The task
Below are the records; repeat exactly their lines between the line holding "5 bedrooms villa in El Paraiso for sale" and the line holding "Omnia Hair Boutique", inclusive, skipping the pictures.

Data for the task

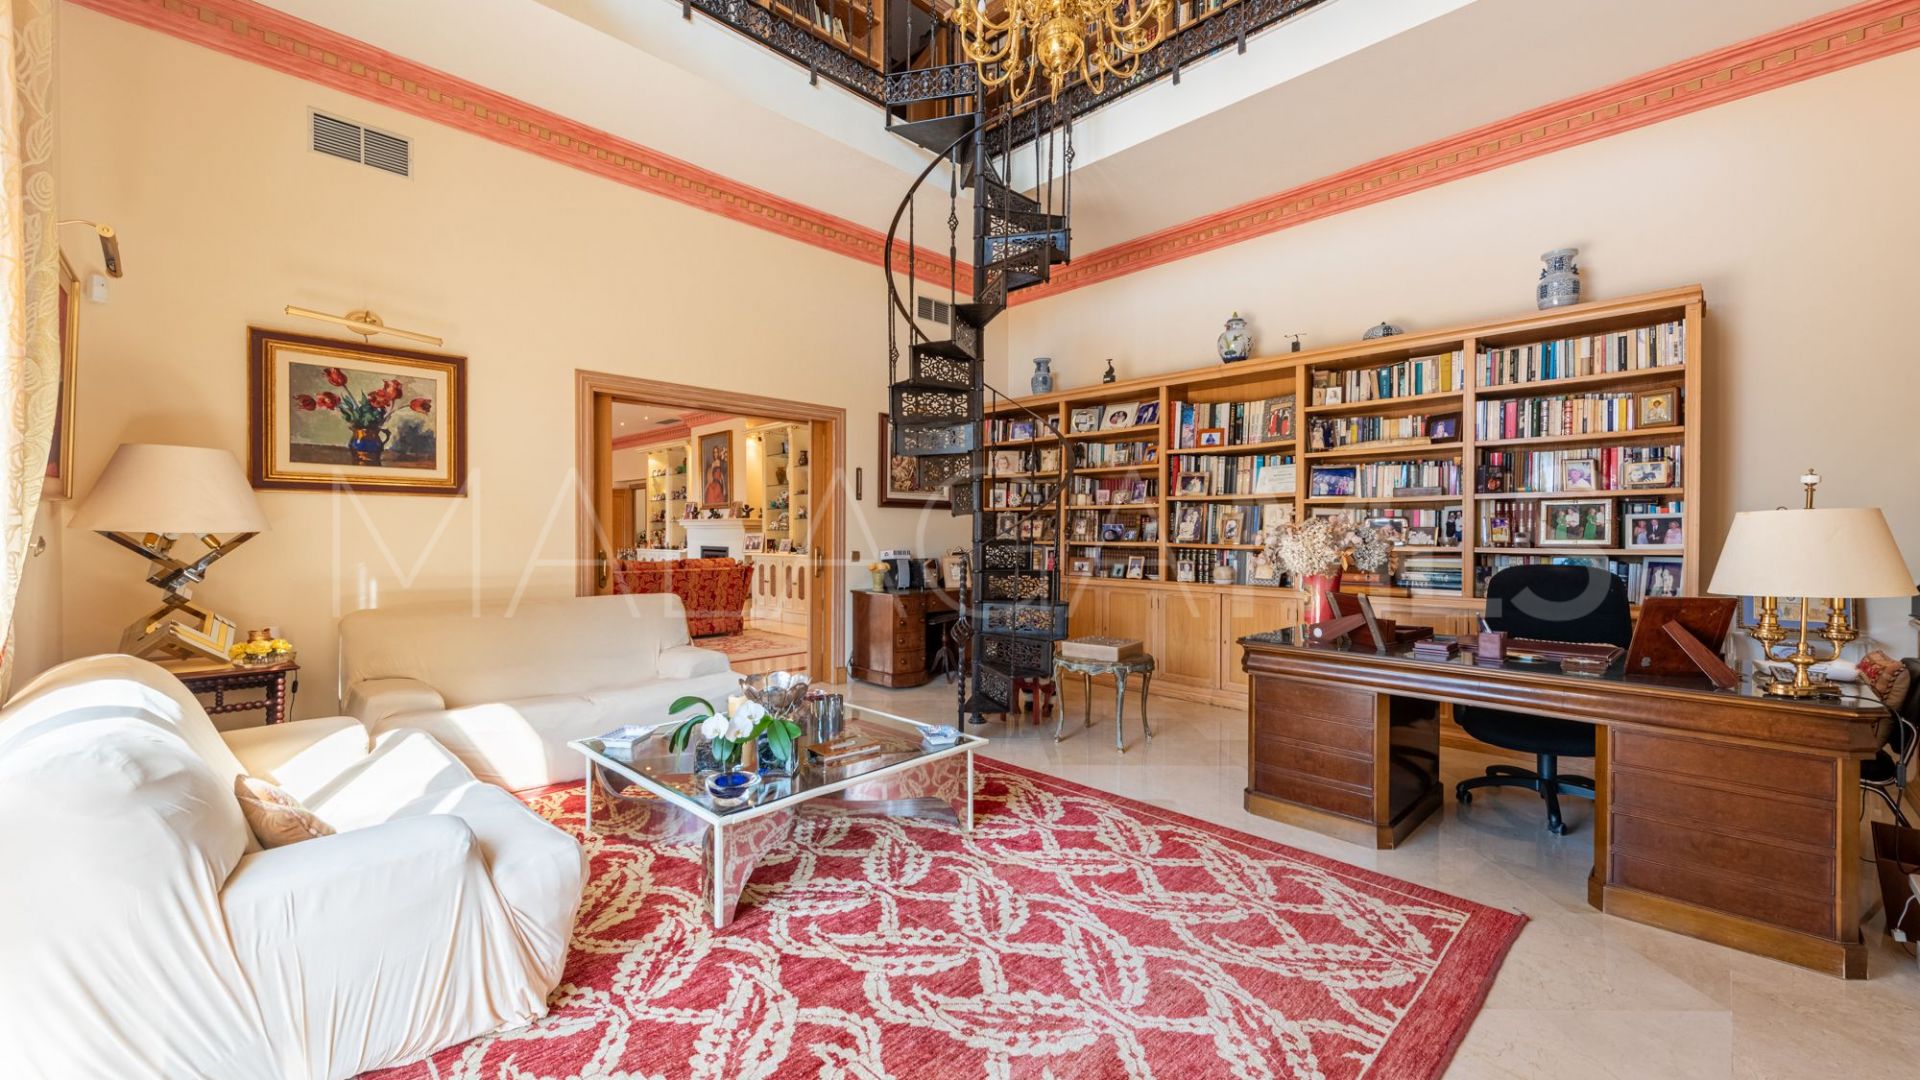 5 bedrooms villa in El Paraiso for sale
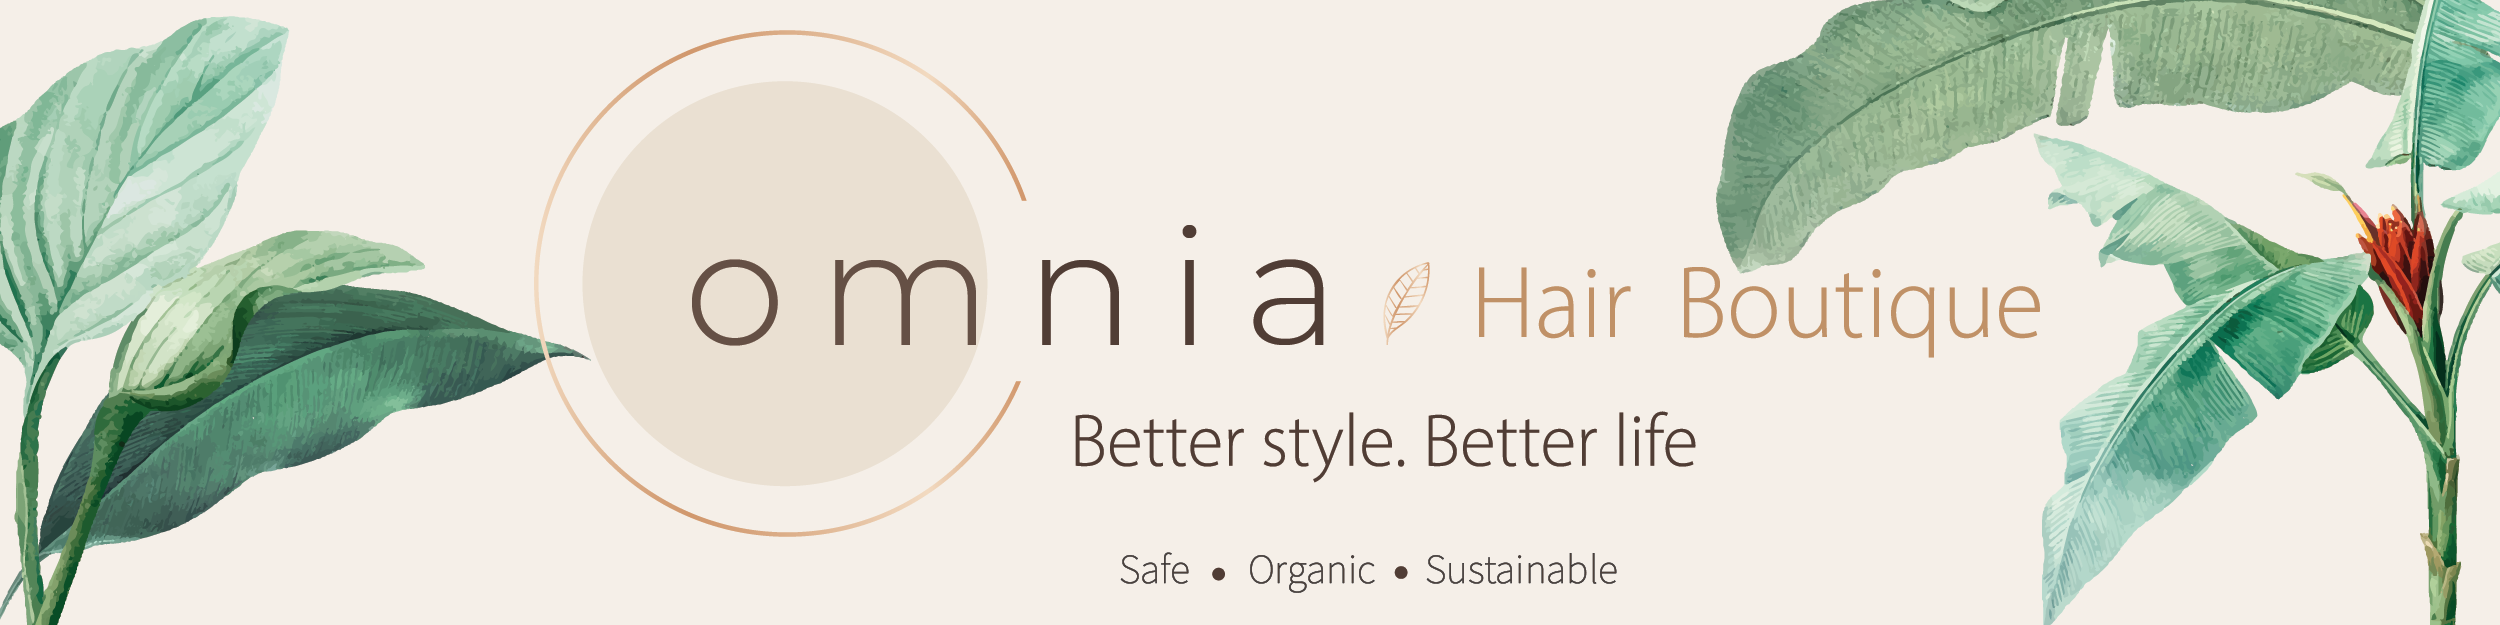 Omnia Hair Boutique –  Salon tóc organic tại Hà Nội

==

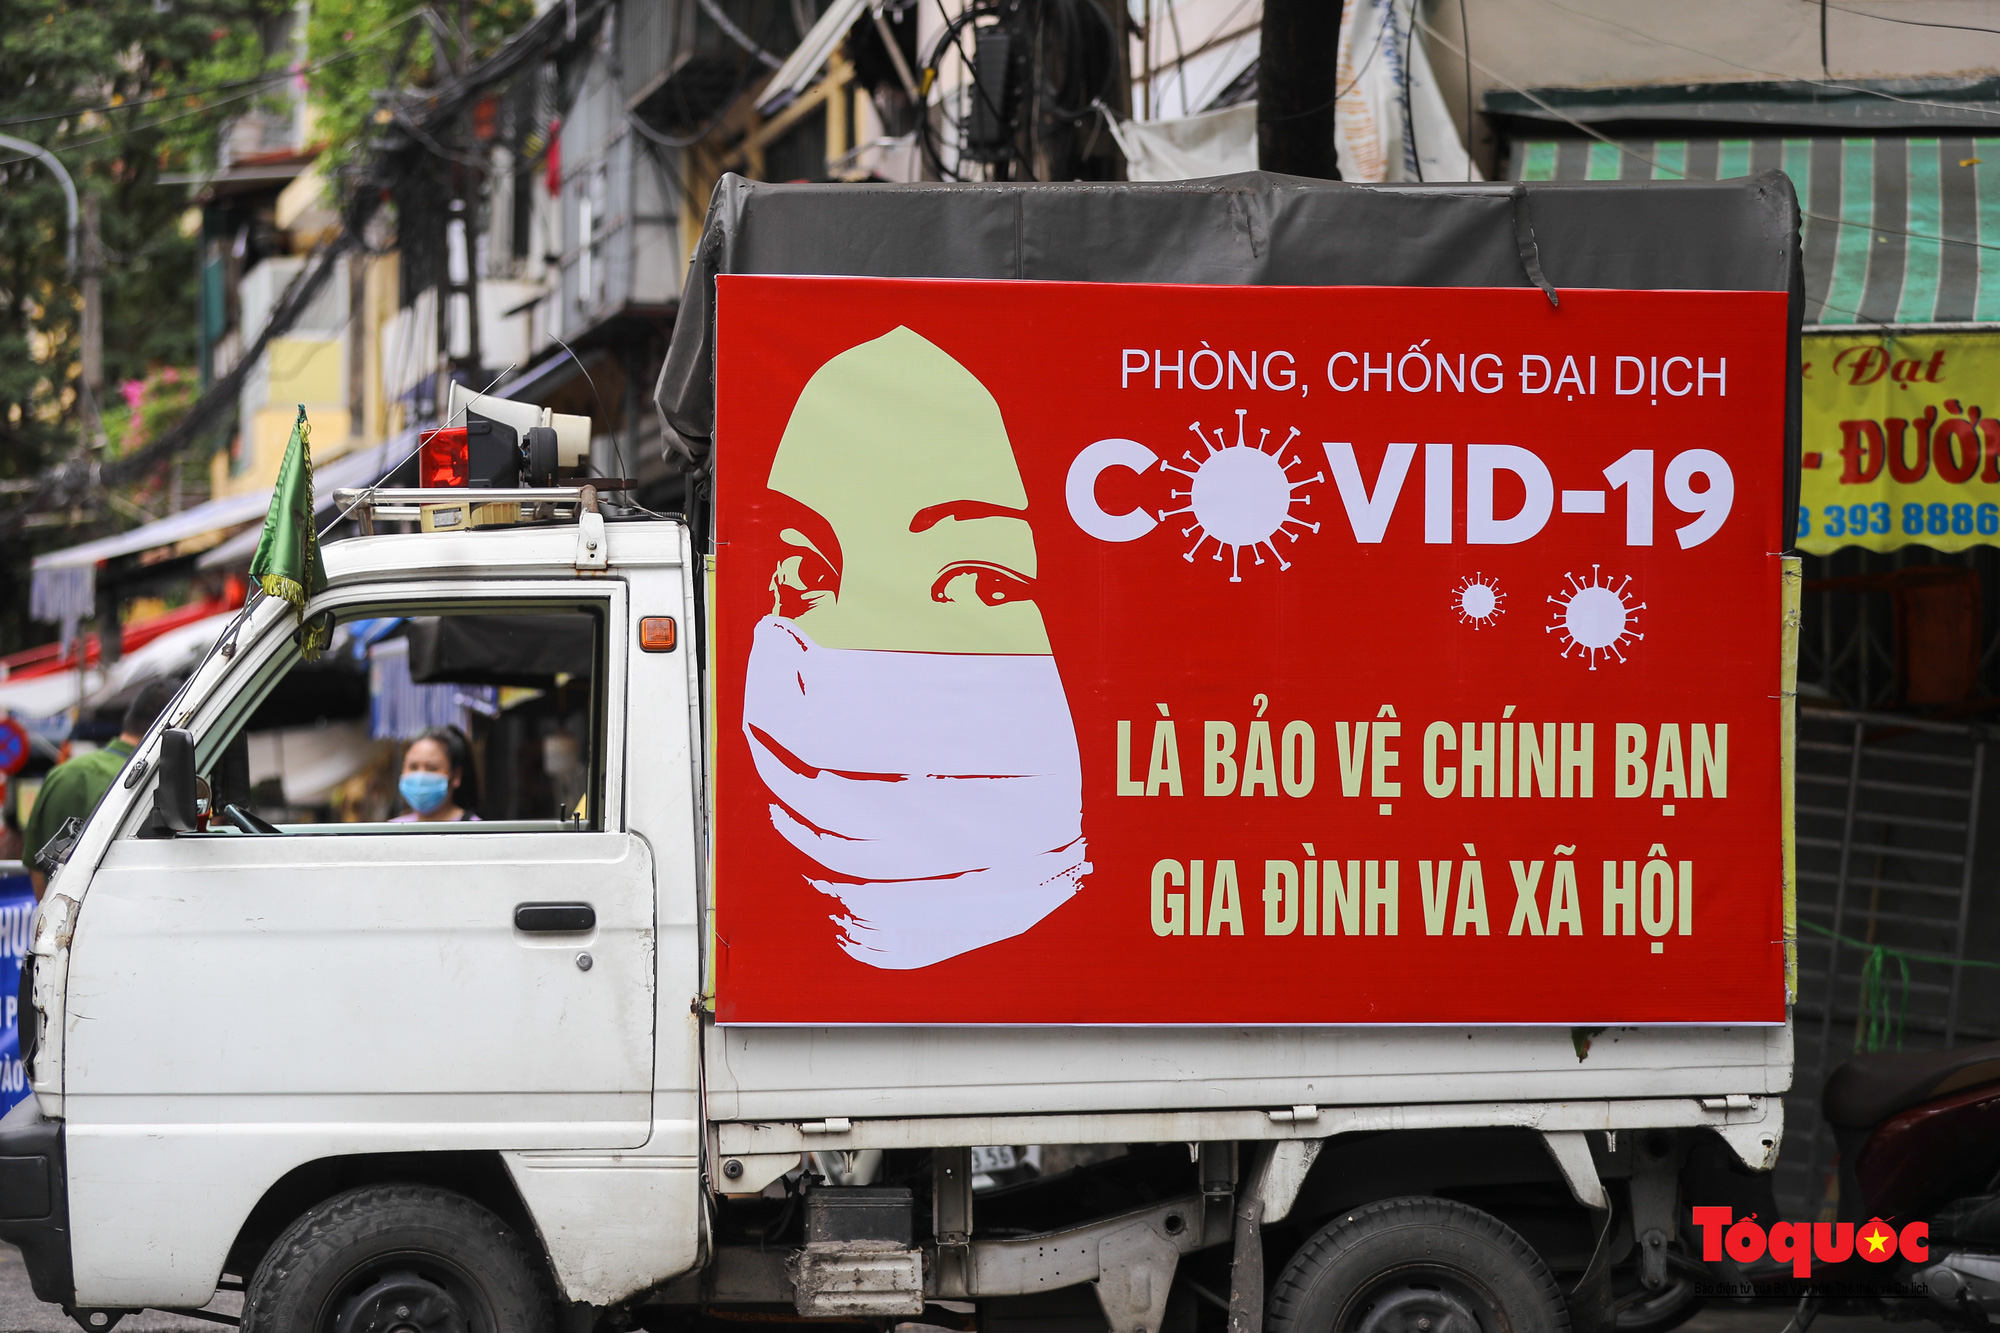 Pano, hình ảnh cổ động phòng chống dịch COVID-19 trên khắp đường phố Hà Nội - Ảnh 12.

Task answer
 5 bedrooms villa in El Paraiso for sale
 Omnia Hair Boutique –  Salon tóc organic tại Hà Nội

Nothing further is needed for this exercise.